Given records —
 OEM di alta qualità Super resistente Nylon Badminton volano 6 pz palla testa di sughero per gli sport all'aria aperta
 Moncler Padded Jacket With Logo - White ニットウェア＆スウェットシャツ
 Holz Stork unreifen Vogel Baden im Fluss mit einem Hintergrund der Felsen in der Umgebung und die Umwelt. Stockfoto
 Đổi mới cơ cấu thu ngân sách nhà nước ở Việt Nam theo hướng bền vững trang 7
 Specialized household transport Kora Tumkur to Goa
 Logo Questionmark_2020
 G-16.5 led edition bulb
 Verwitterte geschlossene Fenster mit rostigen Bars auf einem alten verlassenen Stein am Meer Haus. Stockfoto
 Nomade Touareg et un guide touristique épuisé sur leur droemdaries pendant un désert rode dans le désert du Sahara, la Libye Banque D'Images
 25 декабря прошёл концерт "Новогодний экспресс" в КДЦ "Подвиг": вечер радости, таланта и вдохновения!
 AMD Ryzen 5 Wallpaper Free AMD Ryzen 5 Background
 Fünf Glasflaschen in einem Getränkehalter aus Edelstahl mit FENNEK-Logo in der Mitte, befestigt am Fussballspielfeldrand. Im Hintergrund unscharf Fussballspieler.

Assigned task — Word for word, repeat the lines from the one holding "Verwitterte geschlossene Fenster" through the last line of the entries, both included.

Written solution —
 Verwitterte geschlossene Fenster mit rostigen Bars auf einem alten verlassenen Stein am Meer Haus. Stockfoto
 Nomade Touareg et un guide touristique épuisé sur leur droemdaries pendant un désert rode dans le désert du Sahara, la Libye Banque D'Images
 25 декабря прошёл концерт "Новогодний экспресс" в КДЦ "Подвиг": вечер радости, таланта и вдохновения!
 AMD Ryzen 5 Wallpaper Free AMD Ryzen 5 Background
 Fünf Glasflaschen in einem Getränkehalter aus Edelstahl mit FENNEK-Logo in der Mitte, befestigt am Fussballspielfeldrand. Im Hintergrund unscharf Fussballspieler.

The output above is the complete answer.